-- Source records --

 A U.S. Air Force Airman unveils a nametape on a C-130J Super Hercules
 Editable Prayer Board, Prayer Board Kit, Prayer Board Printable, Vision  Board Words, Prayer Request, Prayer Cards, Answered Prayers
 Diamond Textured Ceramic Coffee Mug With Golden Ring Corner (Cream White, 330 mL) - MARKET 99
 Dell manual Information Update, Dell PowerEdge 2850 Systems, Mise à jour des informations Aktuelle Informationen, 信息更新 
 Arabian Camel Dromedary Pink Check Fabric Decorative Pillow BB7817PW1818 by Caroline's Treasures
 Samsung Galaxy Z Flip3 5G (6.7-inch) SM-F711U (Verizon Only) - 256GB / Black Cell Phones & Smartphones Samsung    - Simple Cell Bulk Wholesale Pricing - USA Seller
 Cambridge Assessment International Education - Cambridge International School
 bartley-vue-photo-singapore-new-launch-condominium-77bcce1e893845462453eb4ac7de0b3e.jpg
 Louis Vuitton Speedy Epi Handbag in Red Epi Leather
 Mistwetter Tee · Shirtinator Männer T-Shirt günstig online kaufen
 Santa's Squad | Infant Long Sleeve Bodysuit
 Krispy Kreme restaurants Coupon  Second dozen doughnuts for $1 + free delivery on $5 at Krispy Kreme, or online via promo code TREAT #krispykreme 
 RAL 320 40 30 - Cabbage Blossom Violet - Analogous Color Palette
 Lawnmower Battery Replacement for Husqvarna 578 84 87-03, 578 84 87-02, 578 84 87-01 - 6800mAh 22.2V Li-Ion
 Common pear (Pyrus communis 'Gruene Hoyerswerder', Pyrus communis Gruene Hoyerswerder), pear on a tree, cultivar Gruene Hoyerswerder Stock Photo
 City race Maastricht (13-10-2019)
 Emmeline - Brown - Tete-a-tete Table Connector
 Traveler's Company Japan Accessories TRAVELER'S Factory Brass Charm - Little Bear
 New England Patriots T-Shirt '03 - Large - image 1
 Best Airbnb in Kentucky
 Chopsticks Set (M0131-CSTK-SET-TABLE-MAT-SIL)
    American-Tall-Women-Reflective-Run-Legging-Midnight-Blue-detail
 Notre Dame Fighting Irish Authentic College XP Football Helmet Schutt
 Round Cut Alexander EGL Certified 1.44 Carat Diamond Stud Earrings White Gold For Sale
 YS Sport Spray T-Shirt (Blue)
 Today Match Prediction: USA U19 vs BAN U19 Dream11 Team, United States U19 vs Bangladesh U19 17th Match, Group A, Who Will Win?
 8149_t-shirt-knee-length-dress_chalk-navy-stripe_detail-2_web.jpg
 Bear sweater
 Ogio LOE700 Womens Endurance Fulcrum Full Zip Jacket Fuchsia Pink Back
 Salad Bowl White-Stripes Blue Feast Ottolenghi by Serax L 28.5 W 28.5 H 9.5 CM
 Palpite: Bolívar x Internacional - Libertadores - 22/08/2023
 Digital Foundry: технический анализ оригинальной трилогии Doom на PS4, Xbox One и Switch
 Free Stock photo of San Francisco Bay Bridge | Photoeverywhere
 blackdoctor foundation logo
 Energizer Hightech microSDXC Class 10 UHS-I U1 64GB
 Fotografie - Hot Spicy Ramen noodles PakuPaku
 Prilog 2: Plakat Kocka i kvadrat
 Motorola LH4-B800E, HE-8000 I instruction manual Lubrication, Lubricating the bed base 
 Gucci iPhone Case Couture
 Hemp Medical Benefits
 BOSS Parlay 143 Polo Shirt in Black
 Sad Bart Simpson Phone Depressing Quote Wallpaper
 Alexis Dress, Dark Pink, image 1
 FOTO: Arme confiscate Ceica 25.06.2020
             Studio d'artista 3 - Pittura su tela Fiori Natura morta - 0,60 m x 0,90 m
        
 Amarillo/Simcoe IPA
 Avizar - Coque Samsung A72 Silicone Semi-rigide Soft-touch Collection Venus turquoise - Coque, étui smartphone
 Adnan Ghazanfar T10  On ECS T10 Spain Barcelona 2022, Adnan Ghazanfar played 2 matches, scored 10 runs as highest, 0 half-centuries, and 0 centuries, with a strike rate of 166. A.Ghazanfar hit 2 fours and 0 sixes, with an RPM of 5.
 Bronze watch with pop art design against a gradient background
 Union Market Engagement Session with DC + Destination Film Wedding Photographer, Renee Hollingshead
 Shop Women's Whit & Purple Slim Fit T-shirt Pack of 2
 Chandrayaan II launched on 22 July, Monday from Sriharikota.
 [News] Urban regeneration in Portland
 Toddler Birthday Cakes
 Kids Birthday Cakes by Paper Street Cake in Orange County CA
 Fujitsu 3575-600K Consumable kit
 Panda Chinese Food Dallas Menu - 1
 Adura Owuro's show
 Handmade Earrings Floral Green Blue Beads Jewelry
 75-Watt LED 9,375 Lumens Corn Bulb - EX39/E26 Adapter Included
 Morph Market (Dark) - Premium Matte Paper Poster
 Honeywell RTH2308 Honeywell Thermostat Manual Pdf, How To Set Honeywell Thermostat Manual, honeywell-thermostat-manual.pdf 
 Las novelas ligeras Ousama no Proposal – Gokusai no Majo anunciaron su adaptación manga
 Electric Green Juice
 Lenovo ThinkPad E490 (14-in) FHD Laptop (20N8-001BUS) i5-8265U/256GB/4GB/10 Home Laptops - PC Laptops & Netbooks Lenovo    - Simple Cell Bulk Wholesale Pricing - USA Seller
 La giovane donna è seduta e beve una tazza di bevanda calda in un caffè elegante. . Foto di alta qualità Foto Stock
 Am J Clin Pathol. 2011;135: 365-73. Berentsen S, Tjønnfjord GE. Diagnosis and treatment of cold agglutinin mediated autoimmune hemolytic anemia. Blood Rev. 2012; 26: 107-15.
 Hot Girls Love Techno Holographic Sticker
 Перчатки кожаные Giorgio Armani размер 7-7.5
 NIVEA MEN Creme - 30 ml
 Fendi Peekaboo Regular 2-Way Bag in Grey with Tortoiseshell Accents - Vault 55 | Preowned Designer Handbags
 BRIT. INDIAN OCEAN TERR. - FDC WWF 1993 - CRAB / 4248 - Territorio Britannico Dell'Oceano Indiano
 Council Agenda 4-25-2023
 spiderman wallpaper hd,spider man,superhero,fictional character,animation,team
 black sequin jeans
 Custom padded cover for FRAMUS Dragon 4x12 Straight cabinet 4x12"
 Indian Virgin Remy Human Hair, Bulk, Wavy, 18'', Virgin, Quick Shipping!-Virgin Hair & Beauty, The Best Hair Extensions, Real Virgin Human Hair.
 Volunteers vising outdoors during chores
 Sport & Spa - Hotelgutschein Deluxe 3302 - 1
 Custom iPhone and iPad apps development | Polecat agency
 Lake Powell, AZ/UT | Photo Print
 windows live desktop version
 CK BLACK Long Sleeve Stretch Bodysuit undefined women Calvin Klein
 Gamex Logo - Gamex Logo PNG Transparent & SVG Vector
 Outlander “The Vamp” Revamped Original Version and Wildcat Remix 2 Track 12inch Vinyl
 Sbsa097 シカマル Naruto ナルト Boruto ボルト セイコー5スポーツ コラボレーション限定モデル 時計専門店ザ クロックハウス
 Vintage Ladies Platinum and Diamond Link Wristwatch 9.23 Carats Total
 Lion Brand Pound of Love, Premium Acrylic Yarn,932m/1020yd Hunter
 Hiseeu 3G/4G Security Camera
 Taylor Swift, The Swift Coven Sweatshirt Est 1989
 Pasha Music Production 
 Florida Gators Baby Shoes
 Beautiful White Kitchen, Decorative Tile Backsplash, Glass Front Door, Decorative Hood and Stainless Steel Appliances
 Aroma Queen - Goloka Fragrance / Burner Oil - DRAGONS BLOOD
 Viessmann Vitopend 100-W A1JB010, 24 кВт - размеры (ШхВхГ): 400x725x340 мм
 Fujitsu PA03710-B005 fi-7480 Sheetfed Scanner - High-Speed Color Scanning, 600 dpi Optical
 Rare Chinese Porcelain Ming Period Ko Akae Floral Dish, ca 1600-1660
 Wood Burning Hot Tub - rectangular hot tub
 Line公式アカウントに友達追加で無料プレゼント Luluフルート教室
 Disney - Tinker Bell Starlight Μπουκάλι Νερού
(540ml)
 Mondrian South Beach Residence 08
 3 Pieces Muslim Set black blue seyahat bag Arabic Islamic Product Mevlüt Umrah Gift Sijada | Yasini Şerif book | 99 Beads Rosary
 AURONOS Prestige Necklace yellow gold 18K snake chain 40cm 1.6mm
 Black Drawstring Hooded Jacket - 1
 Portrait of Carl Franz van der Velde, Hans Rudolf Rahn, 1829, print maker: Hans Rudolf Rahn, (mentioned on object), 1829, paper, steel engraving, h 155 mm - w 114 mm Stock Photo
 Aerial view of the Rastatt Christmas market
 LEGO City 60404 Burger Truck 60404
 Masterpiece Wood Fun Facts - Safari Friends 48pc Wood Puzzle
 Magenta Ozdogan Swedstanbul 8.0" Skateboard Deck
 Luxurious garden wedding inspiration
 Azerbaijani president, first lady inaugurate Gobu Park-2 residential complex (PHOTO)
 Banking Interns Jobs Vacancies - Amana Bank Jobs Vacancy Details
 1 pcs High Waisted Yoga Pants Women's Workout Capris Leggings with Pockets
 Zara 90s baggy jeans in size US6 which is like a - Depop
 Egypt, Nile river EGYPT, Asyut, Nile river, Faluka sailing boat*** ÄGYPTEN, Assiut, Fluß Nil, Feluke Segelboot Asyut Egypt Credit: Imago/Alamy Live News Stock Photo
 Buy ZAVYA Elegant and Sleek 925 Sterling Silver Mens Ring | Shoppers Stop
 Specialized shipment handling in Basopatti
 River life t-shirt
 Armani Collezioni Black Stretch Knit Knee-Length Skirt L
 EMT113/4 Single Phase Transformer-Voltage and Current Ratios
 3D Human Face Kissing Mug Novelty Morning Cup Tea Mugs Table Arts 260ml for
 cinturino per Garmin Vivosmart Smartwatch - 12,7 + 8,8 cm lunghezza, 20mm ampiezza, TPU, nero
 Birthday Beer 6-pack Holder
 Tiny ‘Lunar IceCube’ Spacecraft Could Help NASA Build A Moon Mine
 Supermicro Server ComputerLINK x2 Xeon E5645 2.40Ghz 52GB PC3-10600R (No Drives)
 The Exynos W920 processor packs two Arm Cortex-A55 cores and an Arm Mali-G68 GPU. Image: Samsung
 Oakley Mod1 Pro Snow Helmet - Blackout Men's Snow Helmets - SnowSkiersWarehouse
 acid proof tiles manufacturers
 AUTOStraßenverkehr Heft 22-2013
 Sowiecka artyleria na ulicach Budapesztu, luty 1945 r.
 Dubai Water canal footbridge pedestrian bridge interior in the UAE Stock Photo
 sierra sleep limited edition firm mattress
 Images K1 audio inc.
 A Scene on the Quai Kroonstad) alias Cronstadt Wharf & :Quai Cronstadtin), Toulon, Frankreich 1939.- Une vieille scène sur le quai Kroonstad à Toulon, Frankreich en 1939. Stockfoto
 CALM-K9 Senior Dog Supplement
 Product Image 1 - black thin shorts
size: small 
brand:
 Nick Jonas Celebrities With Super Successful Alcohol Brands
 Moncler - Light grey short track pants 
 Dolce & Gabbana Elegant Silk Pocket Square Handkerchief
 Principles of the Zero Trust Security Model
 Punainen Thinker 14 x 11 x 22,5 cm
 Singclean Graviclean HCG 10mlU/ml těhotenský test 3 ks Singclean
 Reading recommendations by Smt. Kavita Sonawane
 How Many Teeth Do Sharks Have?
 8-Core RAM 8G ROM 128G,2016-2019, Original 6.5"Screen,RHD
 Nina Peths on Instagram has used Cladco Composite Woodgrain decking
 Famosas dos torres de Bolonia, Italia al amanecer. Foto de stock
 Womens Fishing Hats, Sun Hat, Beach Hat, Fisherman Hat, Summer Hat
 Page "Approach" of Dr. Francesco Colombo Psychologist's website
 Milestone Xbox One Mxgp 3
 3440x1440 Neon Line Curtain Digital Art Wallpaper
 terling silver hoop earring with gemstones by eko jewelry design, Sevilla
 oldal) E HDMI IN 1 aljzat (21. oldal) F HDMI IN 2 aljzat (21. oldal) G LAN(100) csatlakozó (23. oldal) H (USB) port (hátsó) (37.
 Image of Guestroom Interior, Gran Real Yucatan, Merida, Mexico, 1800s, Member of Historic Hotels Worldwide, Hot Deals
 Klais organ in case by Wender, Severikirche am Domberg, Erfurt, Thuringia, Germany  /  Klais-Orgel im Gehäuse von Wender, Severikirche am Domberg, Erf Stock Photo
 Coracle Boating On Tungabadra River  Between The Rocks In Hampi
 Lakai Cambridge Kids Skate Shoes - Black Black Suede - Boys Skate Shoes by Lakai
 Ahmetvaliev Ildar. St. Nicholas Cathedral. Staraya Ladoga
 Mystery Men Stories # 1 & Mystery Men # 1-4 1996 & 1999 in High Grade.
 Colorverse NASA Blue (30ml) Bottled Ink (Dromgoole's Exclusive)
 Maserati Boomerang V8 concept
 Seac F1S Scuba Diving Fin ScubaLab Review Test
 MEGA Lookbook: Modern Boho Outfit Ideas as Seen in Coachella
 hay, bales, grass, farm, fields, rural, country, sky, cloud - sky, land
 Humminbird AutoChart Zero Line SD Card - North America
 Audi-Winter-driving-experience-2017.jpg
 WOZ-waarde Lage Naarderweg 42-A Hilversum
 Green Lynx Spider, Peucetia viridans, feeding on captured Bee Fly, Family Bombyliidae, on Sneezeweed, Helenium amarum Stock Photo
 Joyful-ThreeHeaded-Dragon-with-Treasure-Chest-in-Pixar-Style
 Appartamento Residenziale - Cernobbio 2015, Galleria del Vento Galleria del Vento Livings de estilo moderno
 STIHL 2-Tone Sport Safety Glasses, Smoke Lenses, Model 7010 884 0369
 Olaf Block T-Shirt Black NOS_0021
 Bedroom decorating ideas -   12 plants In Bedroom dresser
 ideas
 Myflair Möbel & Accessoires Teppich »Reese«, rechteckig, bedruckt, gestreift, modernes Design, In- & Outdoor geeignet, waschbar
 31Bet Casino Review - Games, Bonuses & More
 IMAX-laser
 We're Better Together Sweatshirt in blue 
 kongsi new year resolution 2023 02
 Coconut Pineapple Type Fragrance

-- Aim of the exercise --
Every line that includes "jeans" must be copied from the material above.

-- Reply --
 black sequin jeans
 Zara 90s baggy jeans in size US6 which is like a - Depop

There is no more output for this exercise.